(1.) THIS is an appeal against the conviction and sentence of the appellant under Section 395, Penal Code. Briefly, the facts are that there was a dacoity in the house of the complainant Jiten. There were three other inmates in the house, of them P. W. 2 is said to have fainted and P. W. Nos. 3 and 4 were two ladies. P.W. Nos. 6, 7 and 8 are three neighbours who came the next morning some hours later.
(2.) AS the learned Magistrate's order sheet seems to show, he considered that the public prosecutor had good reason to think that P. Ws. Nos. 6, 7 and 8 will not be witnesses of truth, but as the defence wanted them to be tendered for cross -examination, he directed that they should be so tendered, purporting to follow a decision of this Court, and at the same time when calling upon the public prosecutor to do so he gave him an opportunity to cross -examine these witnesses later.

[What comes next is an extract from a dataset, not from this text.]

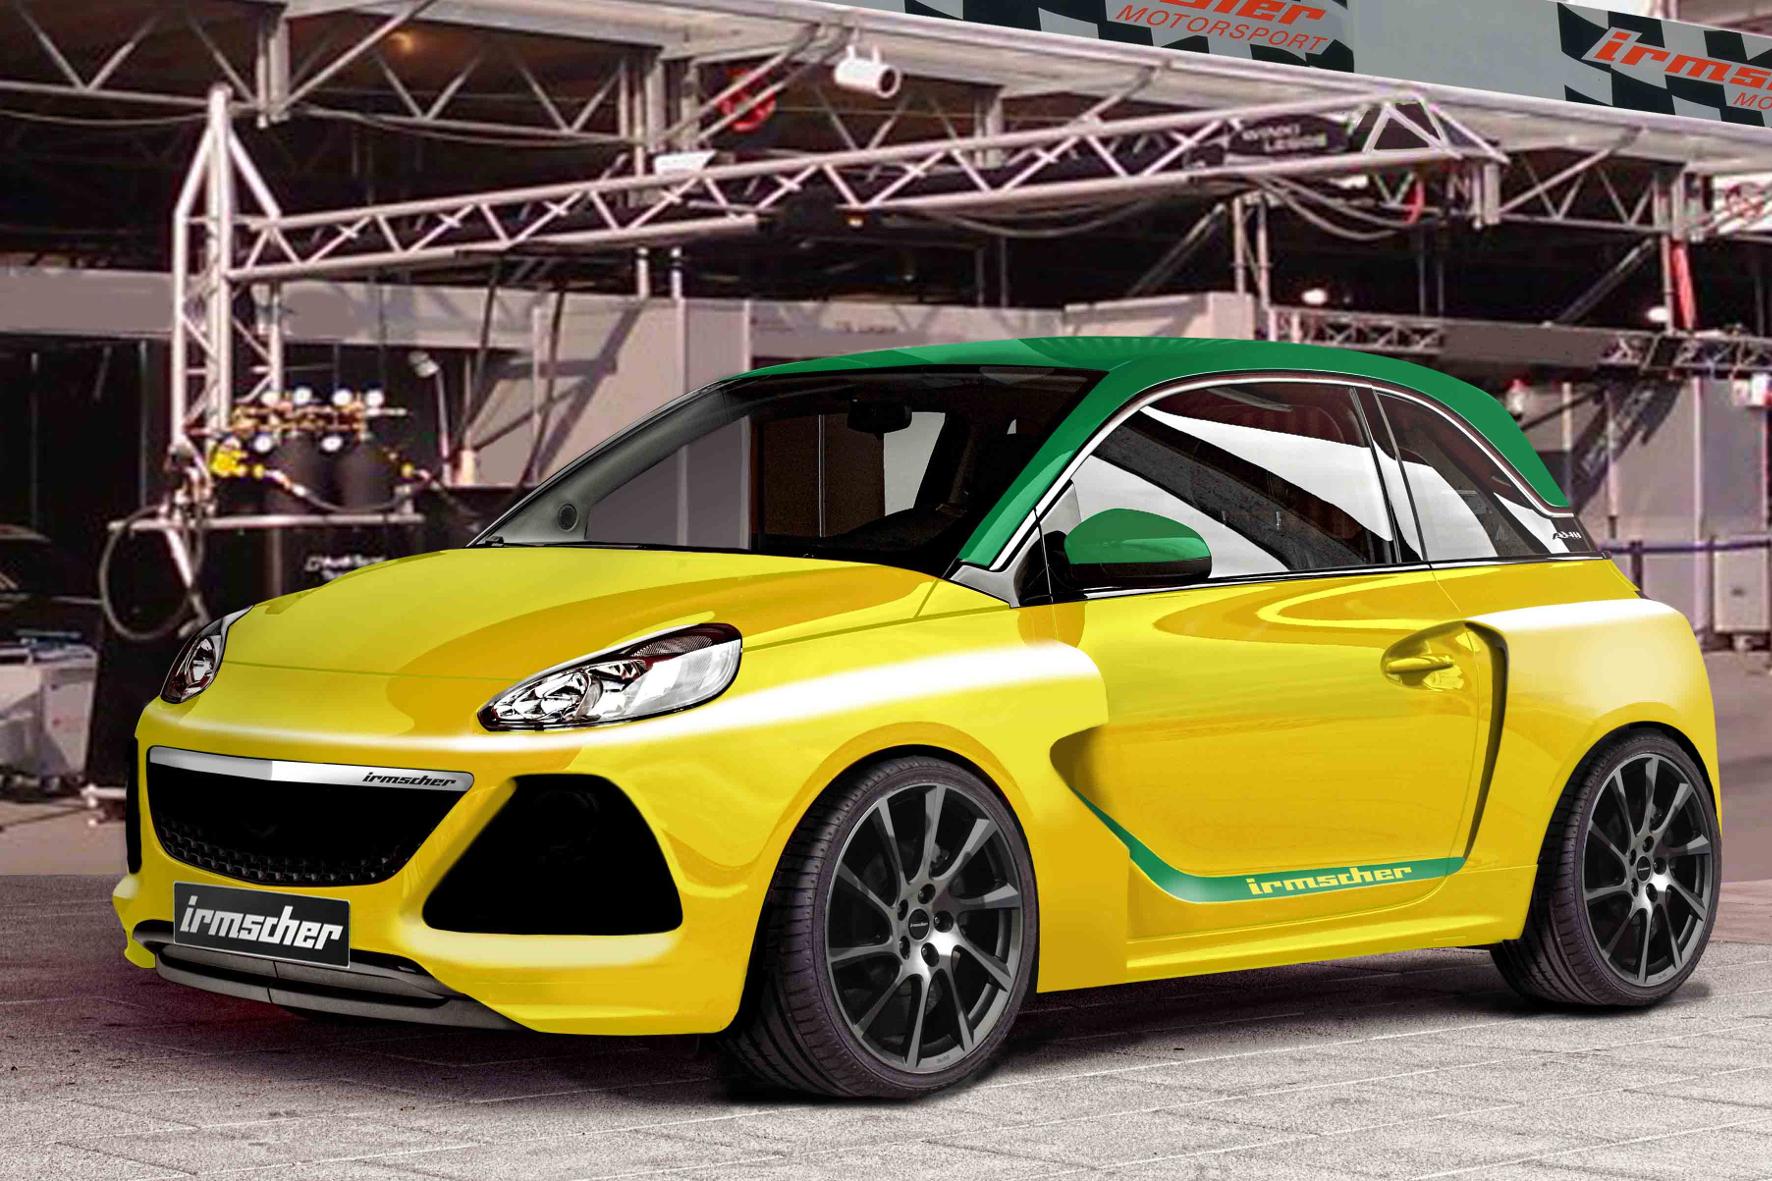 mid Groß-Gerau - Grün und gelb: In den Traditionsfarben des Tuners Irmscher leuchtet das neue Konzeptauto. Der Opel Adam soll auf 125 kW/170 PS erstarken und auch sonst eine gute Figur abgeben.

(3.) MR . Mukherjee, appearing for the defence, has rightly pointed out that the learned Magistrate could have saved himself all the trouble and the complication he had later created in his charge if he had excluded all this evidence. It is clear that his charge as to how the evidence of hostile witnesses should be valued is not at all happy. What the learned Judge did not notice was that the evidence of these witnesses was really not relevant. To be evidence of corroborative value. "It must be at or about the time of the occurrence" which means that the evidence should be by persons who had heard the occurrence before there was sufficient time for concoction. That is the criterion. The evidence of witnesses who came several hours after the occurrence may be very interesting as village gossip, but is not ordinarily proper evidence over which a Court should spend its time. Such evidence has ordinarily got to be excluded.